Page:Revue des Deux Mondes - 1870 - tome 86.djvu/888

La bibliothèque libre.
Le texte de cette page a été corrigé et est conforme au fac-similé.

garantir la sécurité des citoyens, et nul ne conteste que toute mesure intéressant la sécurité publique ne soit du ressort exclusif de l’état; mais ce système aurait placé certainement les universités libres dans une position subalterne. Or elles réclamaient tout au moins l’égalité, et comme elles avaient pour elles à la fois et le parti catholique à cause de celle de Louvain, et le parti libéral avancé à cause de celle de Bruxelles, force était de subir leurs conditions. C’est ainsi que les chambres furent amenées à instituer un jury unique pour tous les candidats, n’importe où et comment ils avaient fait leurs études. Il y avait un jury distinct pour chaque grade dans chacune des quatre facultés. Chaque jury était composé de sept membres nommés annuellement, savoir : deux par la chambre des représentans, deux par le sénat et trois par le gouvernement. Ce régime, déclaré provisoire, n’était voté que pour trois ans; mais, malgré de nombreux essais de réforme, il demeura en vigueur jusqu’en 1849, c’est-à-dire pendant quatorze ans.
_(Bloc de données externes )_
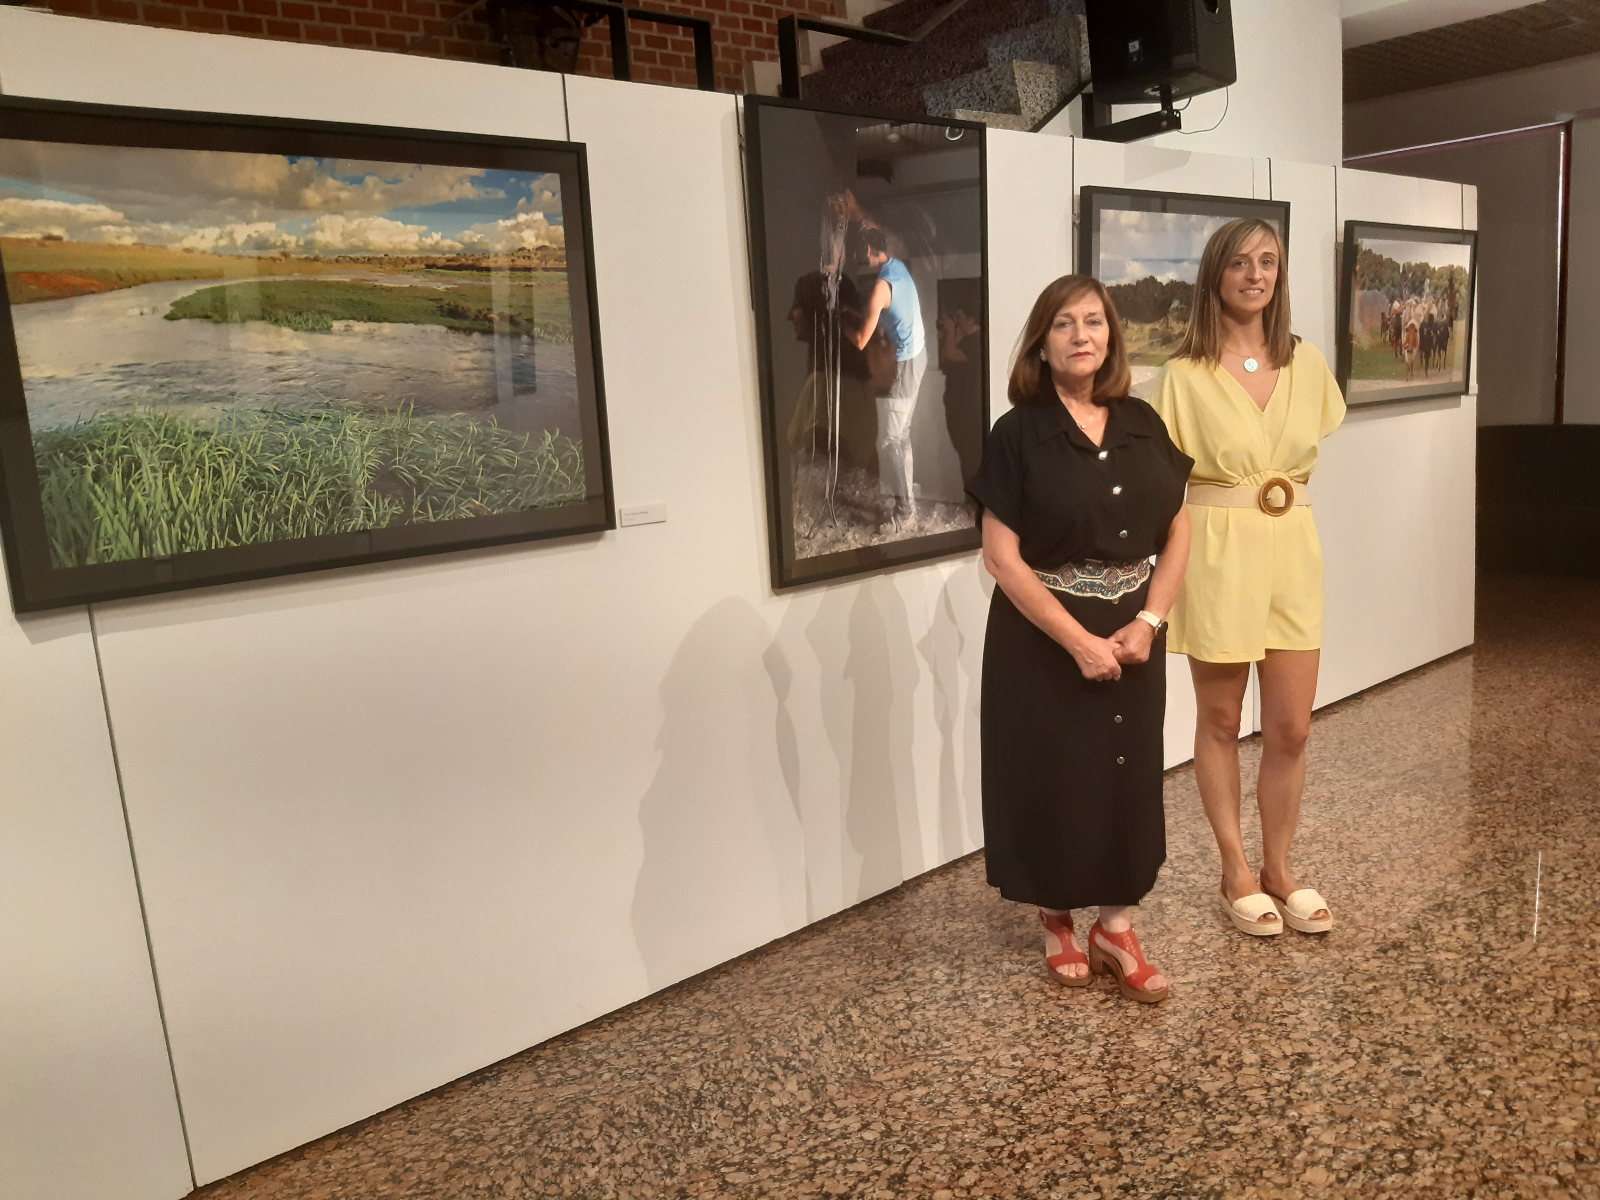 La alcaldesa Carmen Ávila y la concejal de Cultura, Fátima Manzano, inauguraban la exposición 'Los brazos de la dehesa' en el CDS

Le jury central réunissait de grands avantages. Il avait de l’autorité, de la solennité. Il établissait une commune mesure pour apprécier les connaissances acquises par les étudians de tout le pays. Les uns n’avaient pas à subir une épreuve sévère, les autres une épreuve rendue facile par l’indulgence ou la complaisance. Il y avait égalité pour tous. C’est avec raison qu’un ministre, M. de Decker, pouvait dire : « Quoi de plus rassurant sous le rapport de la liberté, et de plus fécond sous le rapport de la science, que l’institution, au nom de la société, de cette haute magistrature de l’intelligence devant laquelle l’enseignement supérieur officiel et l’enseignement supérieur libre viennent faire leurs preuves et s’exercer aux luttes utiles d’une loyale émulation? » Mais le mode de nomination de ce jury central était très mauvais. En appelant l’intervention des chambres, il faisait dépendre les choix des influences politiques. L’intérêt des partis, non l’intérêt de la science, les dictait. C’était pour défendre la liberté de l’enseignement contre les empiétemens de l’état que l’on avait réservé au parlement le droit de désigner quatre membres sur sept; « mais, comme le disait M. Nothomb en 1844, s’il y a un danger, c’est de paraître rattacher la destinée des établissemens libres aux majorités parlementaires et aux scrutins électoraux; c’est de sembler assigner aux représentans des intérêts généraux du pays le mandat spécial et impératif de sauvegarder un établissement réputé à tort menacé. » Un second vice du jury central, c’est que, les mêmes examinateurs étant constamment réélus, il se formait une commission permanente qui tenait en réalité dans ses mains la direction suprême de tout l’enseignement supérieur. Nous montrerons plus loin le mal qui en résultait.